/mtxreusedist

Program for computing reuse distance and similar metrics for sparse matrix-vector multiplication

Primary LanguageCGNU General Public License v3.0GPL-3.0

This is the README file for mtxreusedist, a program for computing
reuse distance and other metrics for data locality in connection with
sparse matrix-vector multiplication kernels.

  Copyright (C) 2023 James D. Trotter

  Copying and distribution of this file, with or without modification,
  are permitted in any medium without royalty provided the copyright
  notice and this notice are preserved.

Building
--------

The mtxreusedist program can be built with `make'. Compilation and
linking may be configured through the environment variable `CC', which
is used to choose a compiler, and `CFLAGS' and `LDFLAGS', which are
used to set compiler flags and linker flags, respectively. Here is an
example:

     make CC=gcc CFLAGS="-O3 -march=native"

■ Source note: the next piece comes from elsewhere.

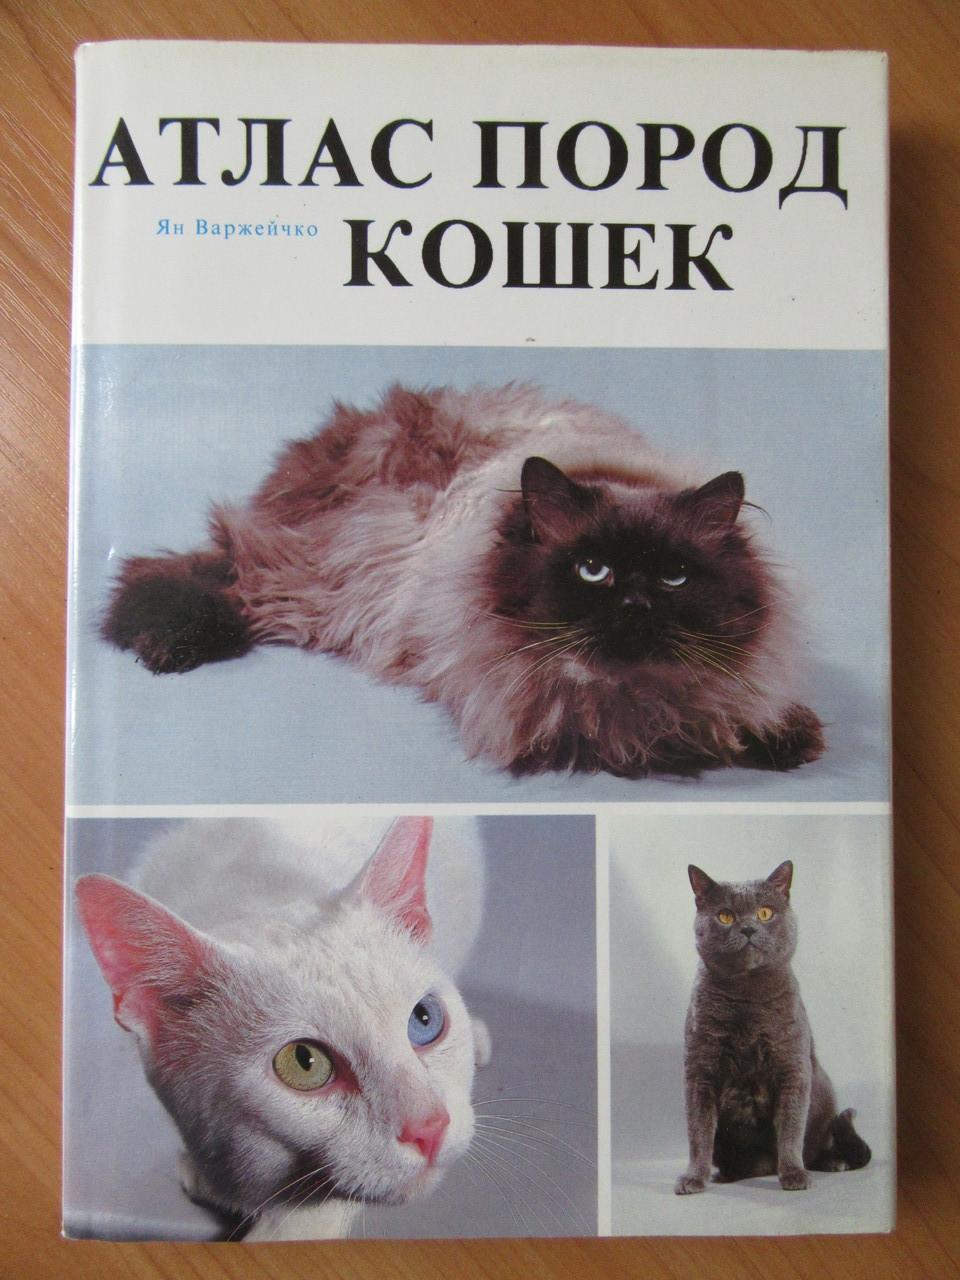 Ян Варжейчко. Атлас пород кошек

If support for loading zlib-compressed Matrix Market files is needed,
then compile with -DHAVE_LIBZ and link to zlib:

     make CC=gcc CFLAGS="-O3 -march=native -DHAVE_LIBZ" LDFLAGS="-lz"


Usage
-----

mtxreusedist is used to load a matrix from a file in Matrix Market
format (see https://math.nist.gov/MatrixMarket/formats.html), convert
the sparse matrix to compressed sparse row (CSR) format, and then
compute reuse distance or similar metrics for a sparse matrix-vector
multiplication (SpMV) kernel using the given matrix.

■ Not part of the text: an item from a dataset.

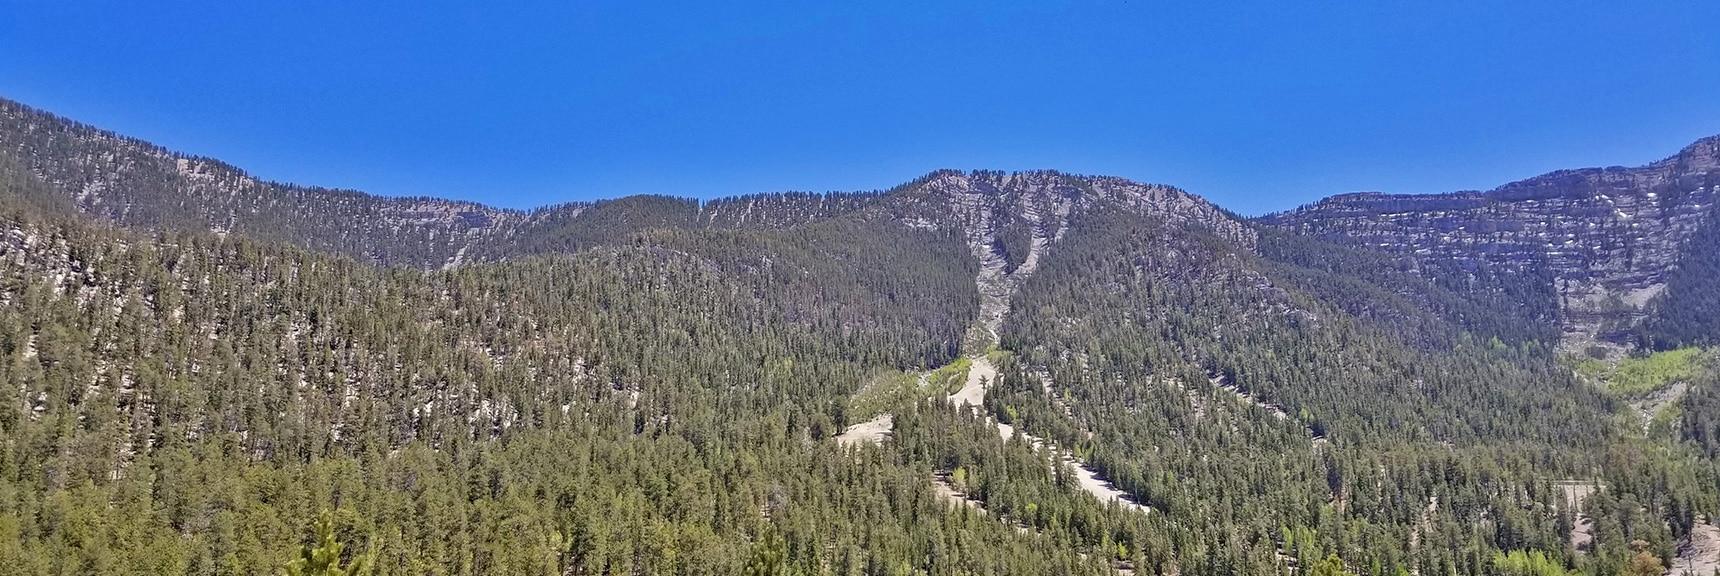 View Down to Lee Canyon Ski Runs and North Rim of Kyle Canyon from Bonanza Trail | Base of McFarland Peak via Bristlecone Pine Trail and Bonanza Trail | Lee Canyon | Spring Mountains, Nevada

Some parts of these computations can use OpenMP for shared-memory
parallelism. In this case, the environment variable `OMP_NUM_THREADS'
can be set to control the number of threads that are used. In
addition, `OMP_PROC_BIND' can be set to bind threads to particular
cores.

If the option `--verbose' is supplied, then some more information is
printed, such as how long time is spent loading the matrix and
computing the reference distance.

Here is an example showing how to compute a histogram of the reference
distance for the HB/1138_bus (https://sparse.tamu.edu/HB/1138_bus)
from the SuiteSparse Matrix Collection. First, download the matrix in
Matrix Market file format, and then use the following command:

    $ ./mtxreusedist --histogram --verbose 1138_bus.mtx >1138_bus.txt
    mtxfile_read: 0.003338 seconds (12.7 MB/s)
    csr_from_coo: 0.000119 seconds, 1,138 rows, 1,138 columns, 4,054 nonzeros, 2 to 18 nonzeros per row
    computing reuse/reference distance:
    done computing reuse/reference distance in 0.000131 seconds
    writing reuse/reference distance:
    done writing reuse/reference distance in 0.001446 seconds

The standard output is redirected to the file 1138_bus.txt, which now
contains a histogram of reference distances corresponding to accesses
to the source/input vector for the SpMV kernel.

The file consists of two entries for every line, which specify the
distance in the number of accesses (or in cache lines if the
`--line-size' option was used) and the number of accesses for that
particular distance. Here is an example:

    $ head 1138_bus.txt
    distance count
    0 2188
    1 455
    2 275
    3 180
    4 106
    5 88
    6 56
    7 49
    8 36
    ...

On the the last line, the distance is '∞', which that the
corresponding accesses to the source vector never experience reuse.

Note that distances are given in terms of accesses to the source
vector only. Recall that for rowwise SpMV kernels, such as those based
on matrices in CSR format, the only irregular memory accesses are to
the source/input vector. Accesses to column offsets and matrix
nonzeros are regular and they are never reused (at least within a
single SpMV iteration). Thus we are only concerned with the reuse of
the source/input vector.

The gnuplot script 1138_bus.gnu gives an example of how to use gnuplot
to visualise the reference distance histogram.


Copying
-------
mtxreusedist is free software. See the file COPYING for copying
conditions.